Well, some classes are, some aren't. I doubt you can make a very rigorous
high school calculus class without losing a lot of people. If people
aren't going into pure math, you could probably even argue that they don't
need to know the absolute proofs of all these things. After all, some of
this stuff isn't done really rigorously until real analysis.
:
:Everyone knows that:
:
:y(x) = x^n
:y'(x) = n * x^(n - 1)
:
:Something my ti-92 can symbolically show me. I'm sure you could even
:program it into a ti8x. Now, can any of you soft-minded HS students
:PROVE it? Qualitativly and Quantitativly?
Well, the proof of it with integers is actually rather complex, IIRC. You
have to write out what the sum of the k-th powers is. You could use
Bernoulli numbers, I suppose, but you can also come up with a recursion
from which you can get the leading term which is all you need. It
certainly is not trivial, however.
:
:OR is it simply a PROCESS which you have come to memorize?
Of course it is. It's certainly not intuitive. I've know the proof, but it
would take a few seconds to actually rederive the recursion above. I think
you can do the general proof by doing:
y = x^k => ln y = k ln x => (1 / y) dy/dx = k/x => dy/dx = y k / x = k x^(k -
1)
But, of course then you have to prove that d/dx (ln x) = 1/x. Probably
the best way way to go about it would be to define exp(x) to be the
function that has its derivative equal to itself. Then let y = exp(x) and
x = ln(y). Therefore dy/dx = exp(x). Therefore 1 = d(ln(y))/dx =
d(ln(y))/dy * dy/dx = exp(x) d(ln(y)) / dy => d(ln(y)) / dy = exp(-x) = 1
/ y. So you're done, if you've proved the chain rule and that exp(-x) = 1
/ exp(x), although the latter's fairly easy. Of course, you have to then
convince the students that exp(x) = e^x, etc. etc. etc. It takes a litte
work to do it rigorously. This would take away from trig-subsititutions,
integration by parts, polar coords, etc. Hell, they've taken the
multi-variable stuff off the AP already.
High Calculus is not a math class. It's a tool class so that people can
will have a sufficient introduction to do things where the theory might be
tangential to their works. While I'd love it if every engineer out there
took real analysis, there are probably better things they can be spending
their time on. It's not necessary for their job.
:
:Can you tell me what e is withouth thinking about it?

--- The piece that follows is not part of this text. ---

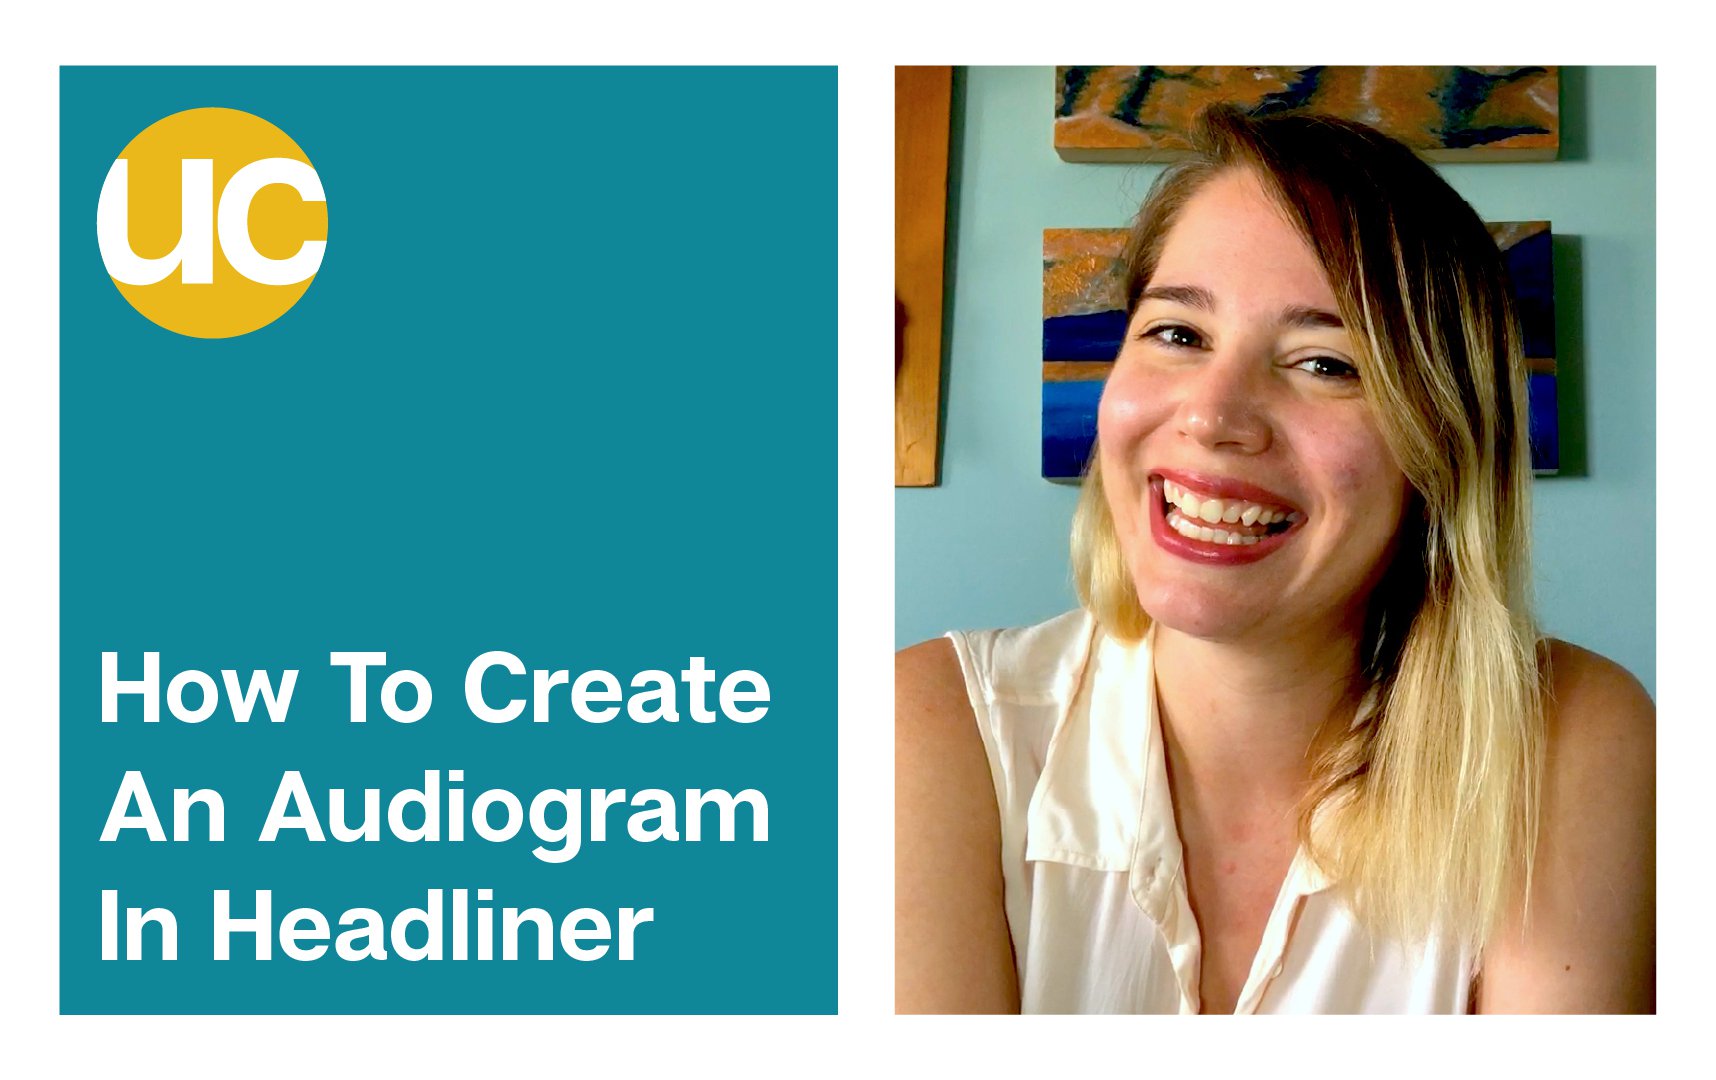 How to make an audiogram featured image - text on the left that reads "how to create an audiogram using headliner" and emily milling smiling on the right.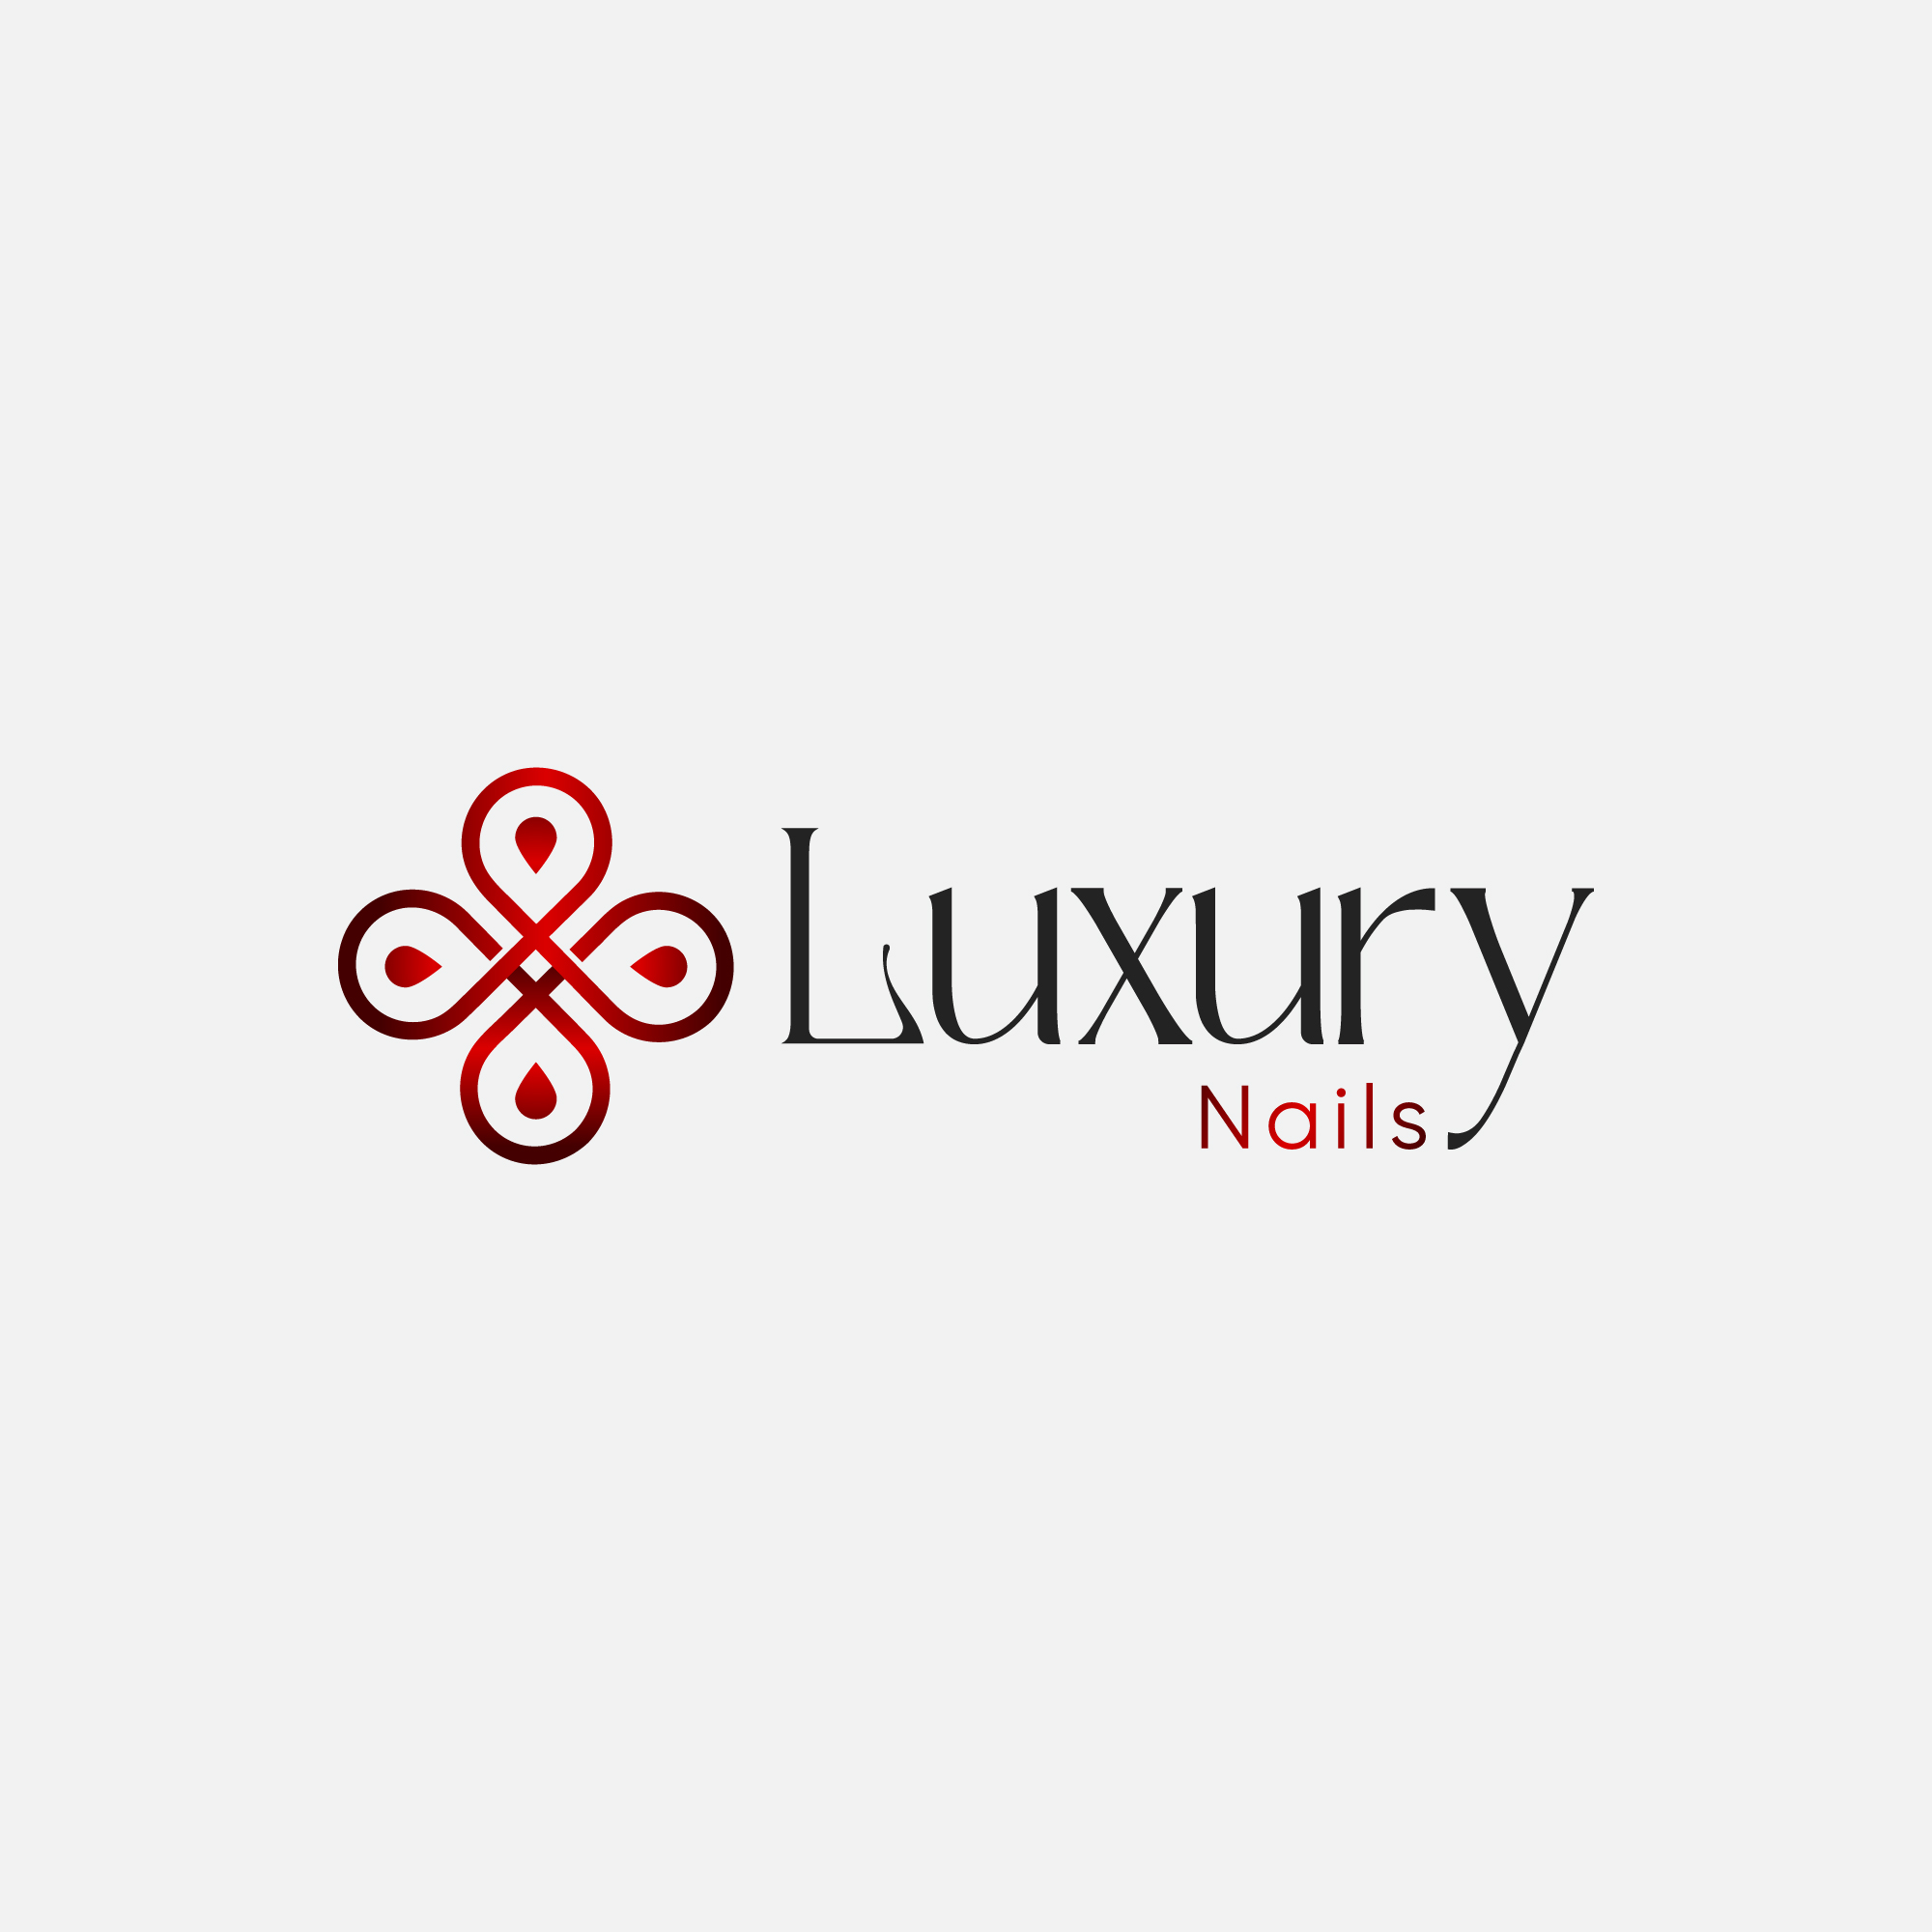 Luxury Nails About 02

Well, the best way is to define it as above, IMO.
:
:How about the logarithm?
The inverse of e^x :)
:
:Sadly, a lot of _good_ students I know, who have done well on AP exams
:(4s and 5s), don't have this drilled into their head like they have 6*6.
: Why is that? Because they learned it ONCE in Algebra, or precalc, or
:whatever, and ever since then they have been using their calculators.
I'm not quite sure I see a problem here. I mean, really, how useful is it
to learn all the integration tricks in existance. I know that a while ago,
there were orders of magnitude more tricks taught in schools. The simple
fact is, though, it's a waste of time to integrate by hand. Do it once,
keep the theory in the back of your mind and let Mathematica do the ugly
algebra. I'm not sure this is a bad thing.
:
:Are graphing calculators nice? Sure, they can show a few things which
:would be very hard to show w/ just chalk. But they don't teach you
:calculus, they teach you how to plug equations in.
:
:We don't need any more hands-on-training in school folks. People have
:to learn to use their Brains. It's _FAR_ More usefull.
True. Supposedly geometry is the course where they teach you to be
rigorous. I absolutely hated geometry, however. People can learn to use
their brains, however, and still not have calculus taught rigorously.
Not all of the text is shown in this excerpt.